[[ PROVIDED RECORDS open ]]

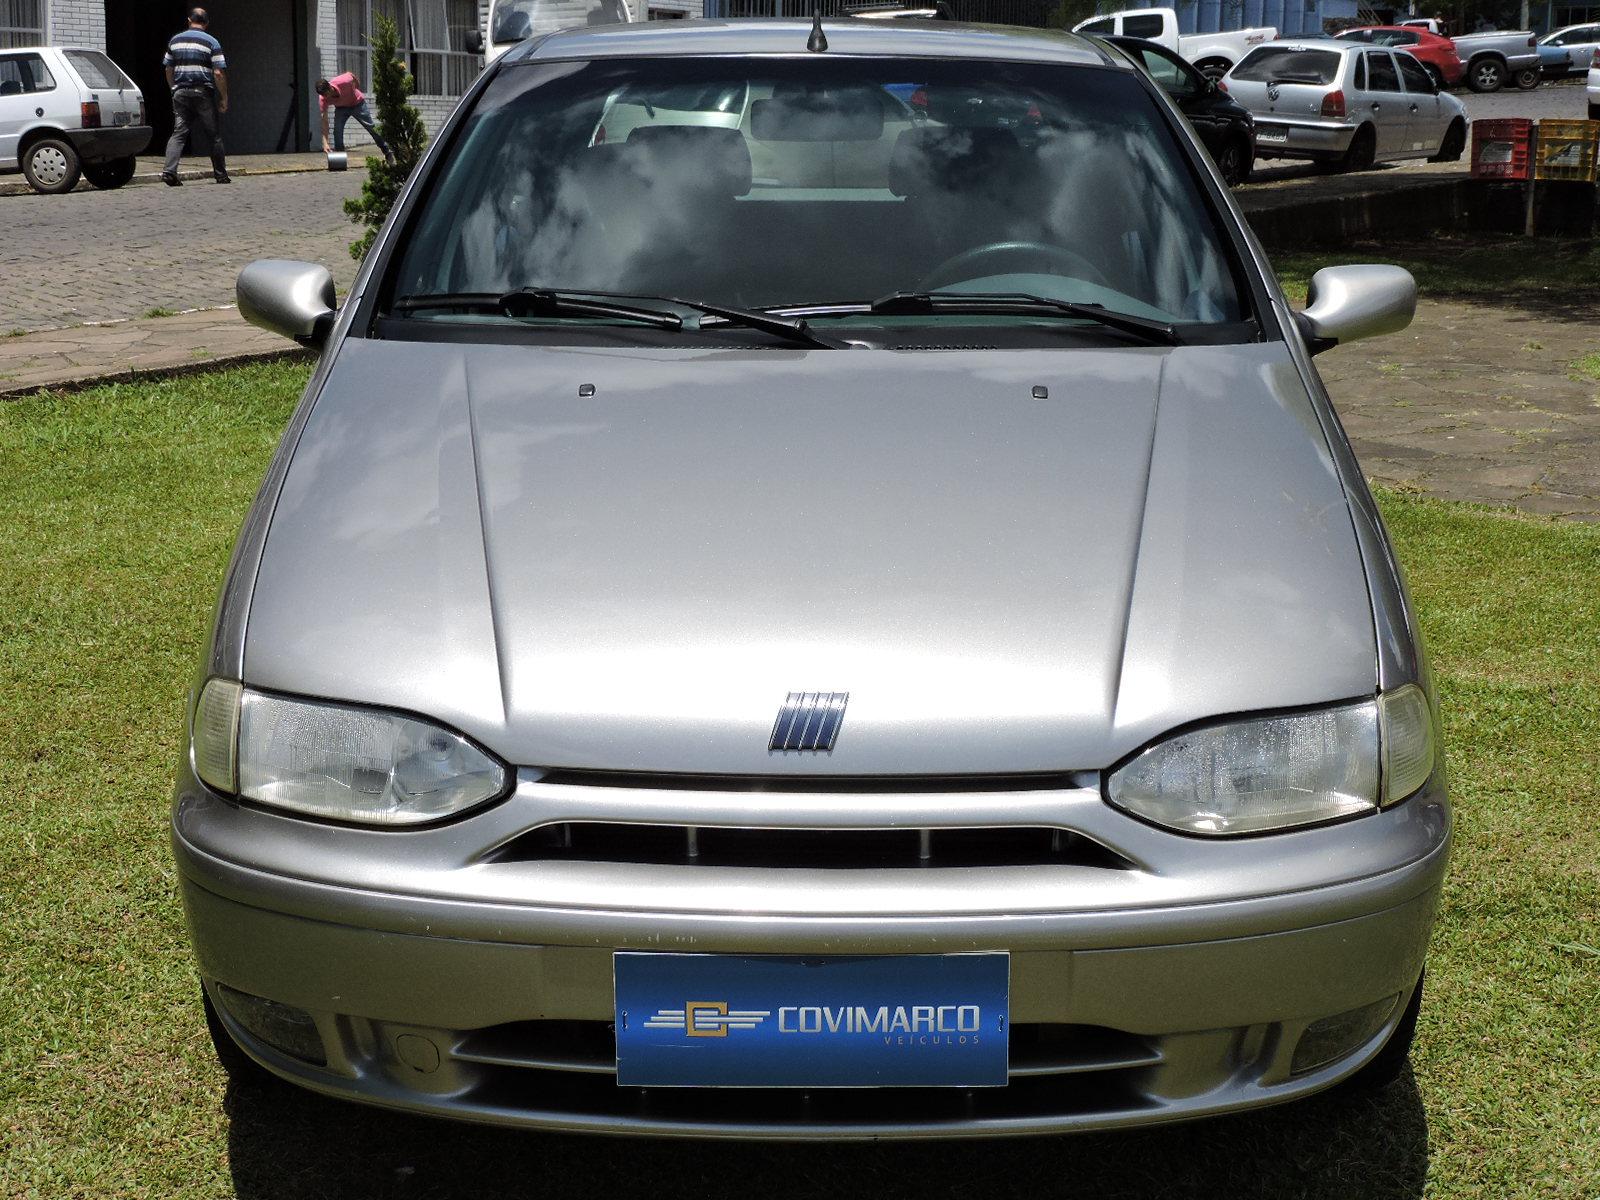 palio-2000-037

[[ PROVIDED RECORDS closed ]]
[[ PROVIDED RECORDS open ]]

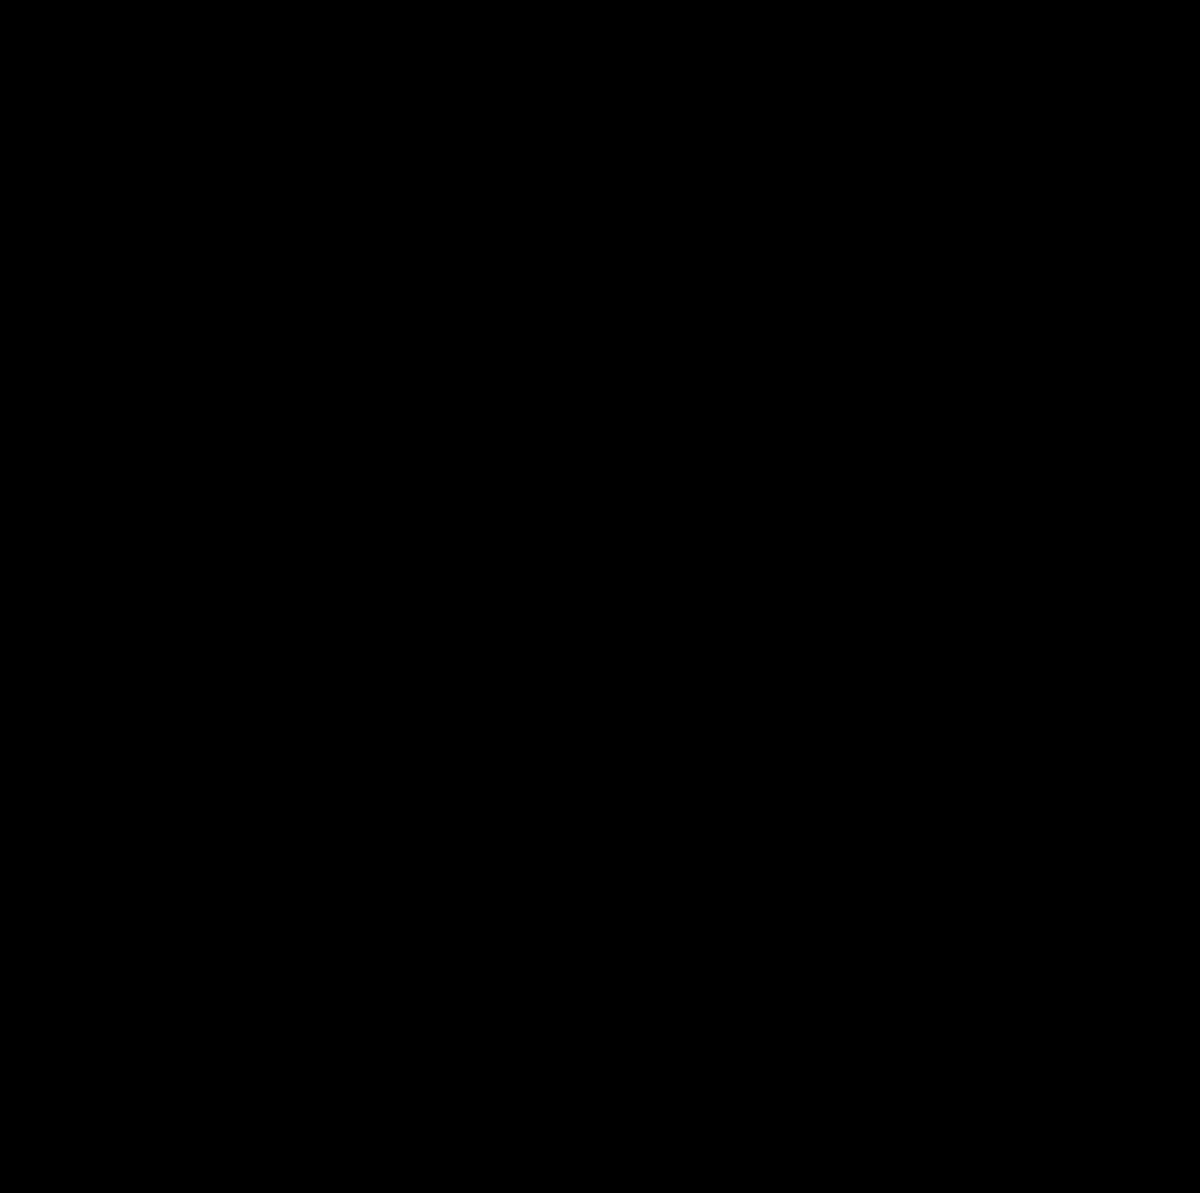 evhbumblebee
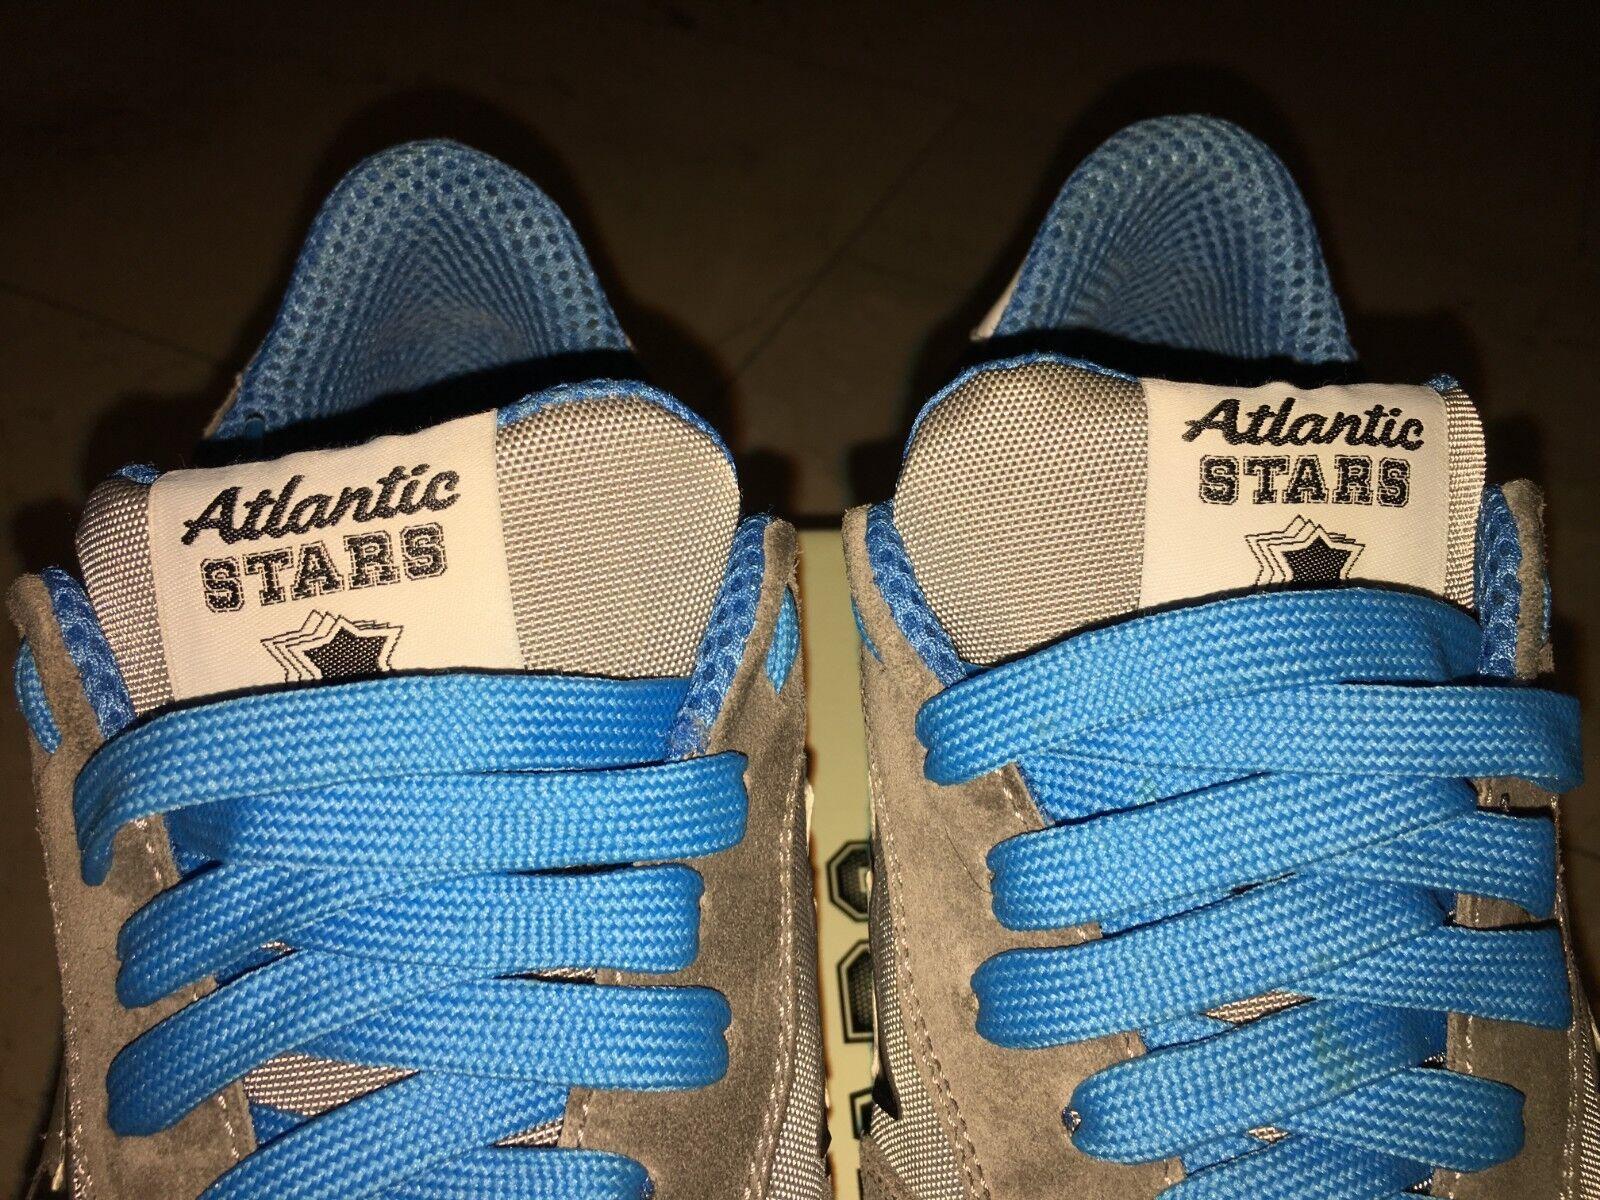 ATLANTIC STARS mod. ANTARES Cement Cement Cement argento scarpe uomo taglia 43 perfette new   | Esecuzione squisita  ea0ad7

[[ PROVIDED RECORDS closed ]]
[[ PROVIDED RECORDS open ]]

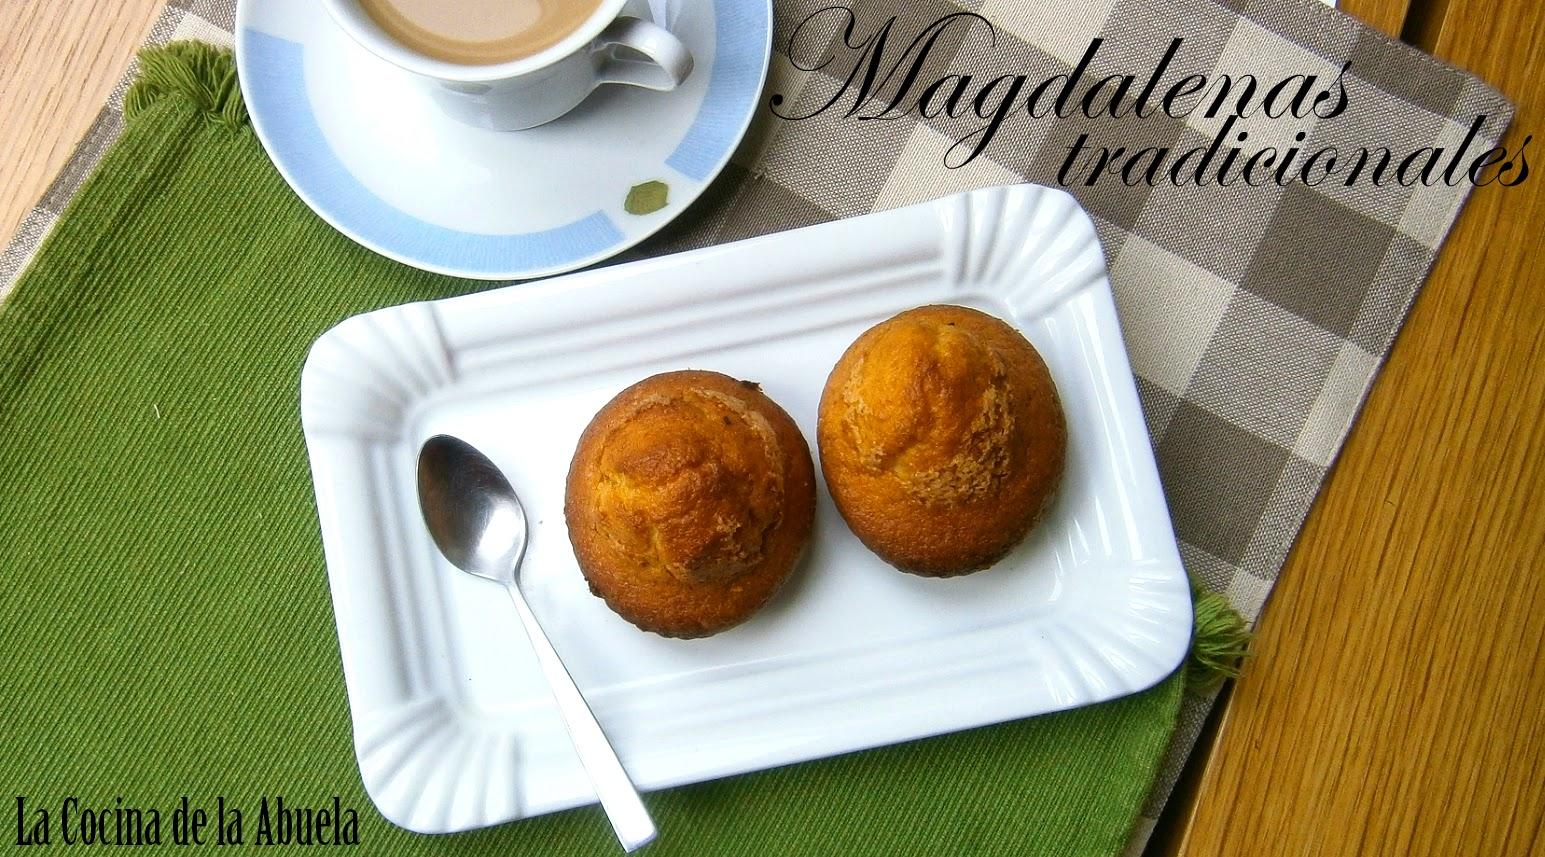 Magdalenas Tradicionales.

[[ PROVIDED RECORDS closed ]]

[WHAT THIS TASK INVOLVES]: Among the entries above, take the line with "evhbumblebee", the line with "ATLANTIC STARS mod.", and all the lines between them, and restate them word for word without pictures.

[SOLUTION TO THIS TASK]:
 evhbumblebee
 ATLANTIC STARS mod. ANTARES Cement Cement Cement argento scarpe uomo taglia 43 perfette new   | Esecuzione squisita  ea0ad7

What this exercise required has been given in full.